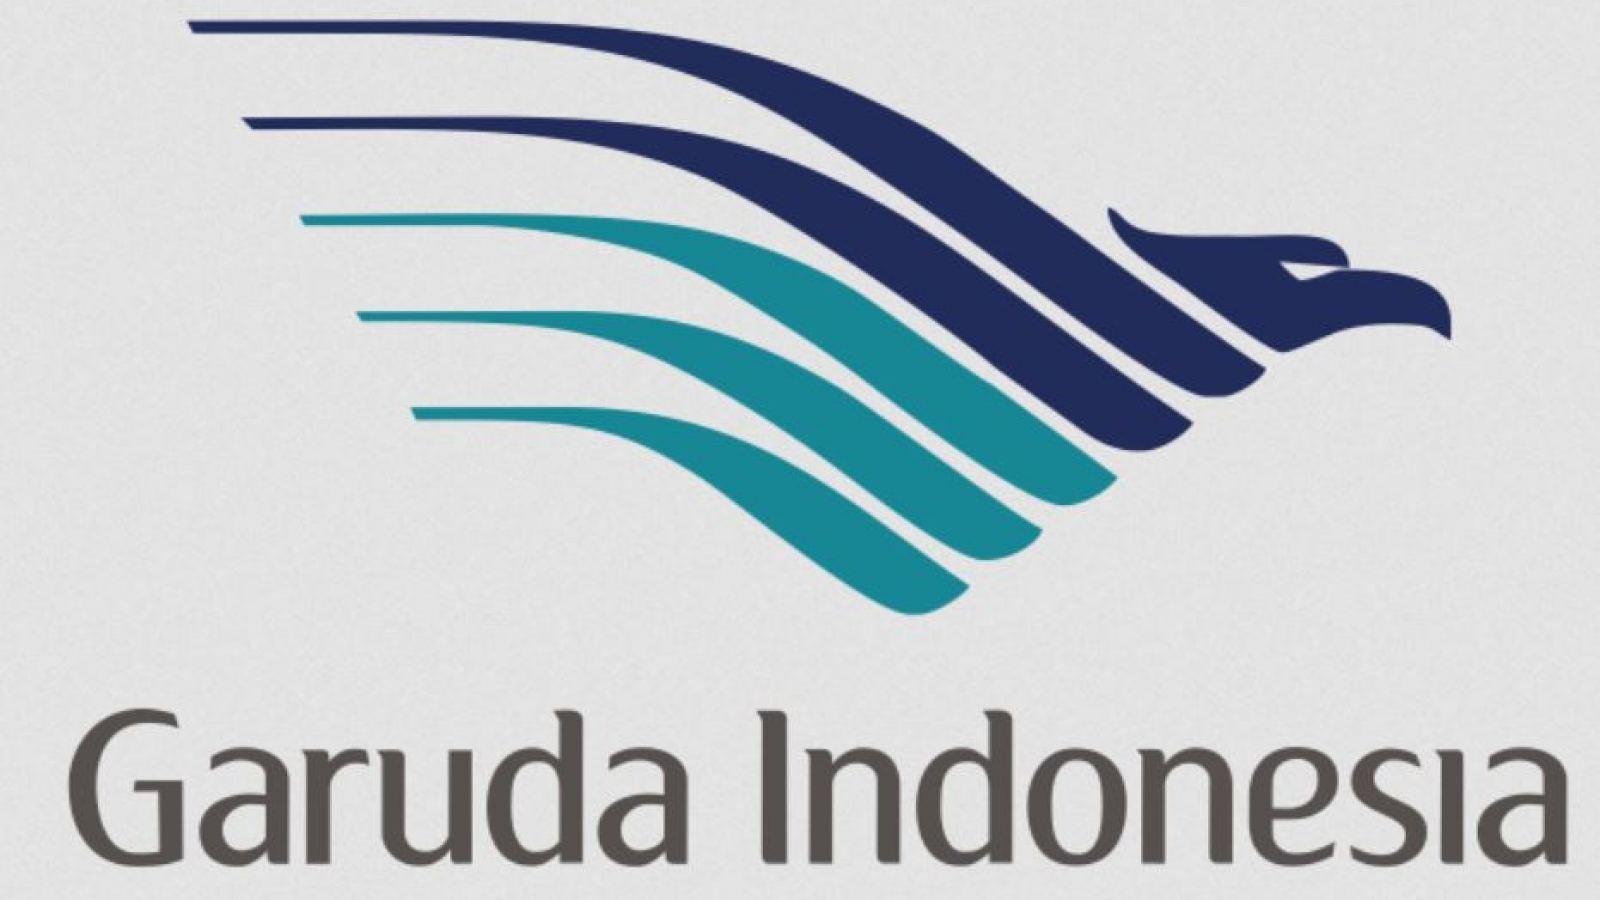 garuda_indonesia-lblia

•••••

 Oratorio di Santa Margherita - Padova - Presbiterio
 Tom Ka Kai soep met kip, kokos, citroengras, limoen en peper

•••••

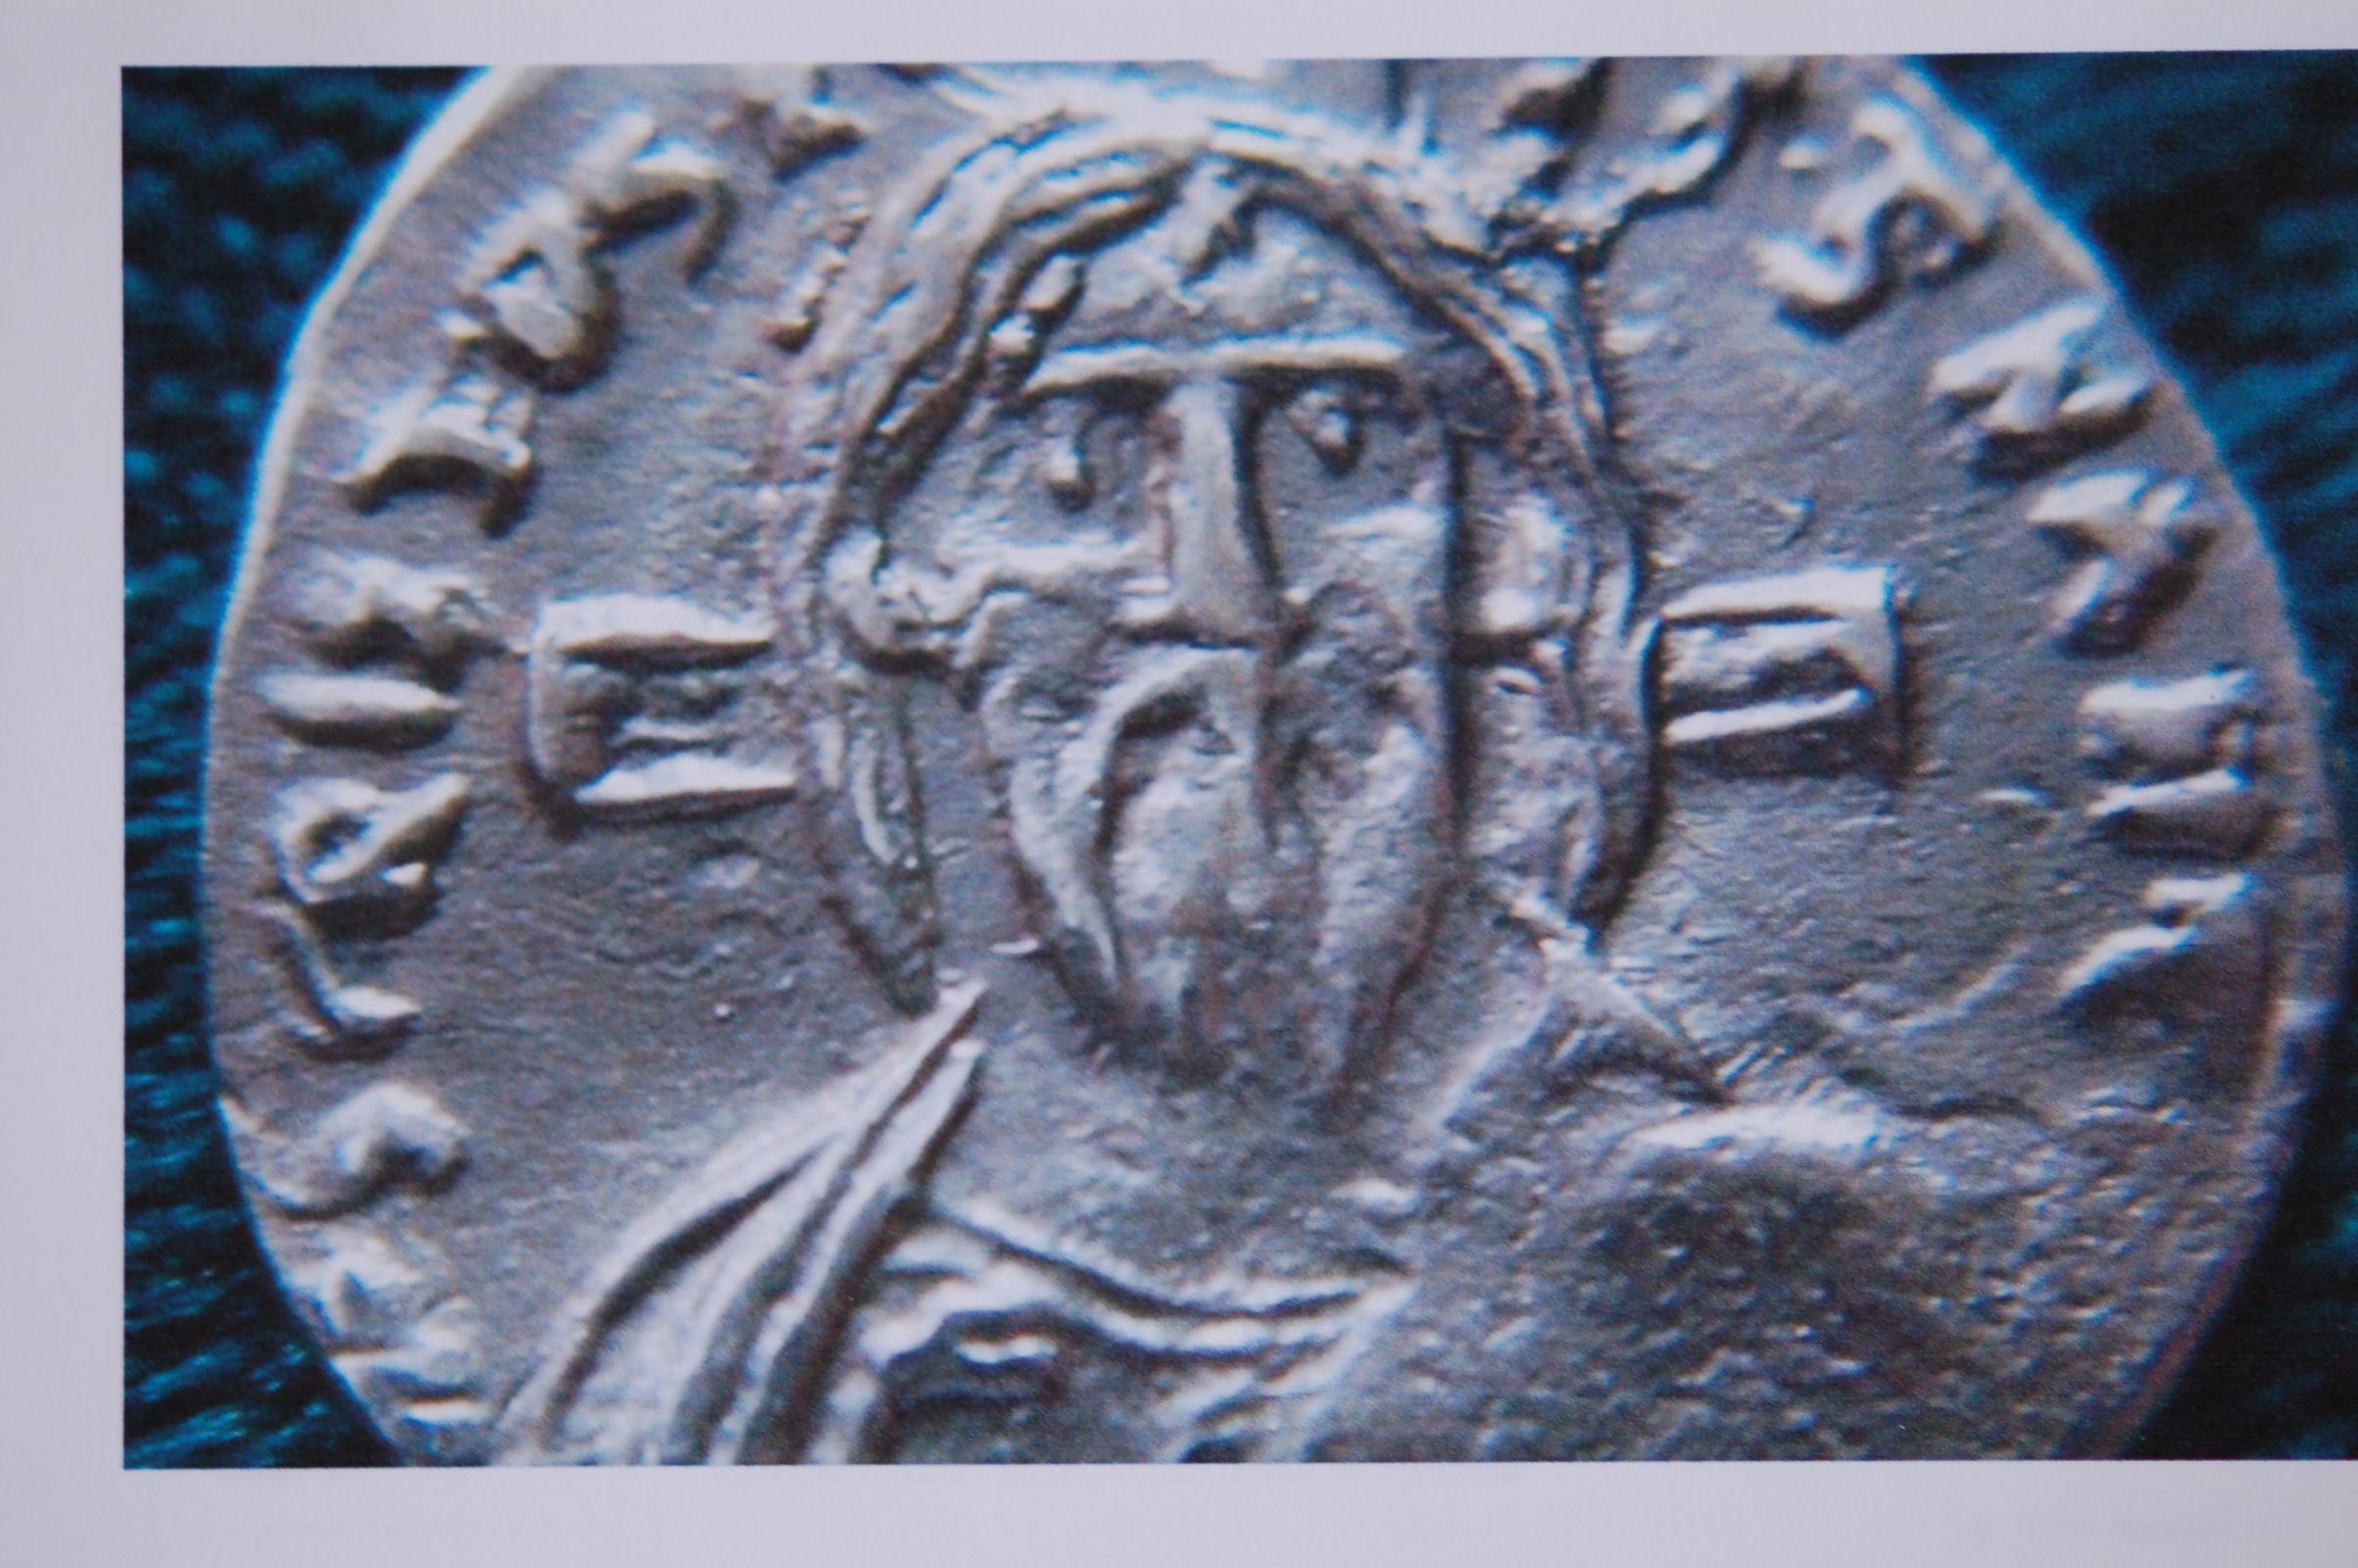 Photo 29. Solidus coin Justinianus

•••••

What needs to be done:
Give back exactly the lines above starting at the line where "Oratorio di Santa" appears and ending at the line where "Tom Ka Kai soep" appears, both included, with no other lines.

Solution:
 Oratorio di Santa Margherita - Padova - Presbiterio
 Tom Ka Kai soep met kip, kokos, citroengras, limoen en peper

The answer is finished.